Once connected to Cloud Shell, you should see that you are already authenticated and that the project is already set to your project ID.

  1. Run the following command in Cloud Shell to confirm that you are authenticated:
gcloud auth list

Command output

 Credentialed Accounts
ACTIVE  ACCOUNT
*       <my_account>@<my_domain.com>

To set the active account, run:
    $ gcloud config set account `ACCOUNT`
gcloud config list project

Command output

[core]
project = <PROJECT_ID>

If it is not, you can set it with this command:

gcloud config set project <PROJECT_ID>

Command output

Updated property [core/project].

3. Initialize Cloud Spanner

Enable Cloud Spanner API using the gcloud CLI:

gcloud services enable spanner.googleapis.com

Create a Cloud Spanner instance:

gcloud spanner instances create spanner-instance \
 --config=regional-us-central1 \
 --nodes=1 --description="A Spanner Instance"

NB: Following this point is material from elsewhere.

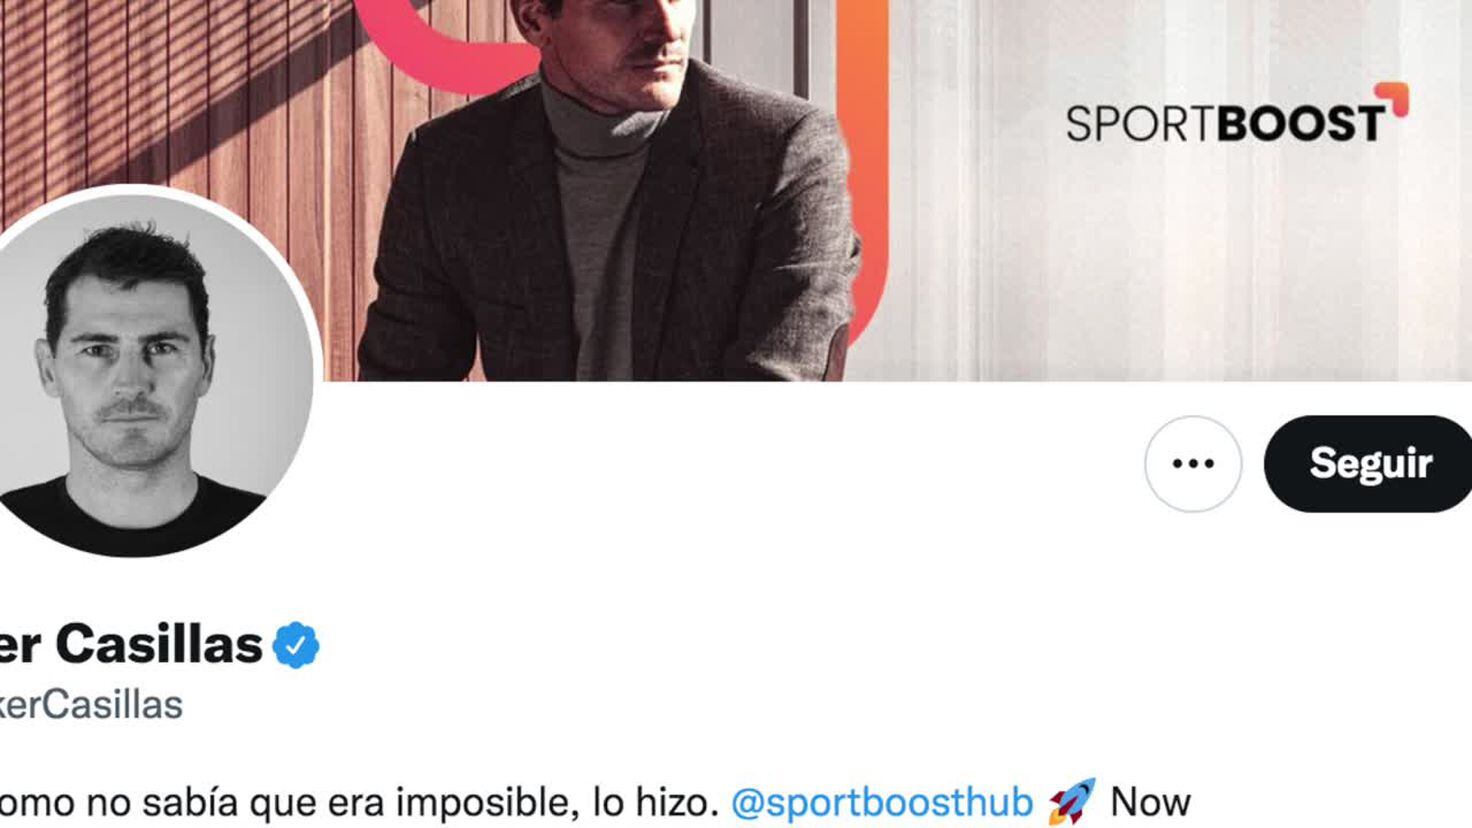 Casillas denuncia un hackeo tras un controvertido tuit - Tikitakas

Create a database within the instance:

gcloud spanner databases create orders \
  --instance=spanner-instance

Create a schema.ddl file to describe the data schema:

cat << EOF > schema.ddl
CREATE TABLE orders (
  order_id STRING(36) NOT NULL,
  description STRING(255),
  creation_timestamp TIMESTAMP,
) PRIMARY KEY (order_id);

CREATE TABLE order_items (
  order_id STRING(36) NOT NULL,
  order_item_id STRING(36) NOT NULL,
  description STRING(255),
  quantity INT64,
) PRIMARY KEY (order_id, order_item_id),
  INTERLEAVE IN PARENT orders ON DELETE CASCADE;
EOF

Apply the schema to Cloud Spanner database:

gcloud spanner databases ddl update orders \
  --instance=spanner-instance \
  --ddl="$(<schema.ddl)"

4. Bootstrap a new Spring Boot Java Application

From the Cloud Shell environment, use the following command to initialize and bootstrap a new Spring Boot application:

$ curl https://start.spring.io/starter.tgz \
  -d packaging=jar \
  -d dependencies=cloud-gcp,web,lombok \
  -d baseDir=spanner-example \
  -d type=maven-project \
  -d bootVersion=3.2.6 | tar -xzvf -

$ cd spanner-example

This will create a new spanner-example/ directory with a new Maven project, along with Maven's pom.xml, a Maven wrapper, as well as an application entrypoint.

In the pom.xml file, add the Spring Data Cloud Spanner starter.

spanner-example/pom.xml

<project>
  ...
  <dependencies>
        ...
        <!-- Add Spring Cloud GCP Spanner Starter -->
        <dependency>
                <groupId>com.google.cloud</groupId>
                <artifactId>spring-cloud-gcp-starter-data-spanner</artifactId>
        </dependency>

        ...

  </dependencies>

  ...
</project>

In application.properties, configure Spanner database connection information:

spanner-example/src/main/resources/application.properties

spring.cloud.gcp.spanner.instance-id=spanner-instance
spring.cloud.gcp.spanner.database=orders

Make sure JAVA_HOME is set to the right version:

export JAVA_HOME=/usr/lib/jvm/java-17-openjdk-amd64/

Rebuild the app to make sure your Maven configuration is correct:

./mvnw package

5. Create the Entities

With Spring Cloud GCP's Spring Data Spanner support, you can easily create a Java object, and idiomatic ORM mapping to a Spanner table, using Spring Data.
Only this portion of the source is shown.